Jozef Slagveer (25 January 1940) was a journalist and writer. He was born in Totness and graduated from the Free University in journalism. On his return to Suriname in 1967, he started work at the Ministry of Education. In 1971, he started a press agency and magazine together with Rudi Kross. His magazine uncovered several corruption scandals. He also published several books and poetry collections both in Dutch and Sranan Tongo.

After the 1980 coup d'état, Slagveer joined the sergeants and became their spokesperson on television and censor. Gradually he became more critical, and eventually broke all contact with the military regime. On 7 December 1982, Slagveer was arrested, and, with visible signs of torture, forced to read a confession on television that the group had tried to overthrow the government. He was killed the next day.

===Suspects===
In the December murders trial that commenced on November 30, 2007, there were 25 suspects with Bouterse being the only main suspect.

- Errol Alibux
- Dick de Bie
- Etienne Boerenveen
- Dési Bouterse (main suspect)
- Benny Brondenstein
- Winston Caldeira
- Wim Carbière
- Steven Dendoe
- Iwan Dijksteel
- Roy Esajas
- Ernst Gefferie
- Arthy Gorré
- John Hardjoprajitno
- Orlando Heidanus
- Kenneth Kempes
- Iwan Krolis
- Luciën Lewis
- Harvey Naarendorp
- John Nelom
- Edgar Ritfeld
- Ruben Rozendaal
- Badrissein Sital
- Jimmy Stolk
- Imro Themen
- Marcel Zeeuw

==Aftermath and legal action==
Only after many years the government of Suriname took the first official legal steps toward clarifying the case. After the murders, the victims' bodies were buried without post-mortem examinations having been performed; moreover, no legal investigation was conducted.

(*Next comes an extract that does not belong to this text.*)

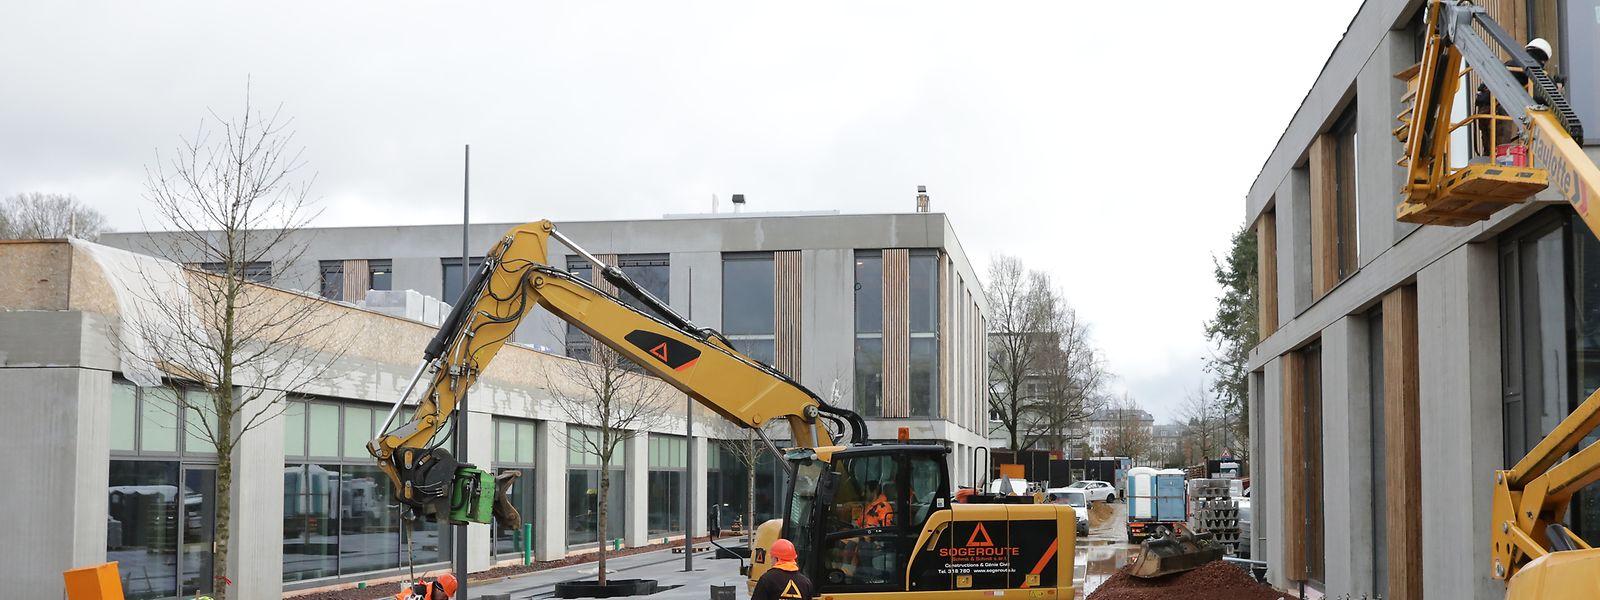 L'arrêt des chantiers à lui seul représenterait une facture de 150 millions euros de chômage partiel.

Politically, the murders continue to exert an influence on Surinamese politics. After the 2010 general election, won by Bouterse, then-president Ronald Venetiaan refused to even mention Bouterse's name or congratulate him; Venetiaan, the Minister of Education in the government of Henck Arron, prime minister of the government overthrown by Bouterse in 1980, was a personal friend of most of the fifteen victims.

After the election of Bouterse as president in August 2010, Parliament moved in 2012 to amend a 1992 amnesty law to include the period of the December murders. The amendment was signed into law in April 2012 by the vice president, and resulted in halting the murder trial against (among others) then-president Desi Bouterse. The trial in front of the court-martial was halted to await a judgment of the Constitutional Court - which was defined by law, but never appointed. After some years of standstill and no appointment of a Constitutional Court, the trial continued in 2015 after an order of the court-martial. Using his authority as defined in article 148 of the Constitution of Suriname, President Bouterse then declared that the trial was a threat to national security, and ordered the prosecutor to halt prosecution on 29 June 2016. The court-martial was expected to continue the trial and consider this new fact by 30 November 2016, but this time the trial was postponed until 30 January because of illness of one of the judges. Eventually the court-martial ordered the prosecutor on 30 January 2017 to read the charges and ignore the instructions by the president because the matter was no longer in hands of the executive but of the judicial branch. Next, the continuation of the trial was postponed to await the outcomes and timelines in other trials.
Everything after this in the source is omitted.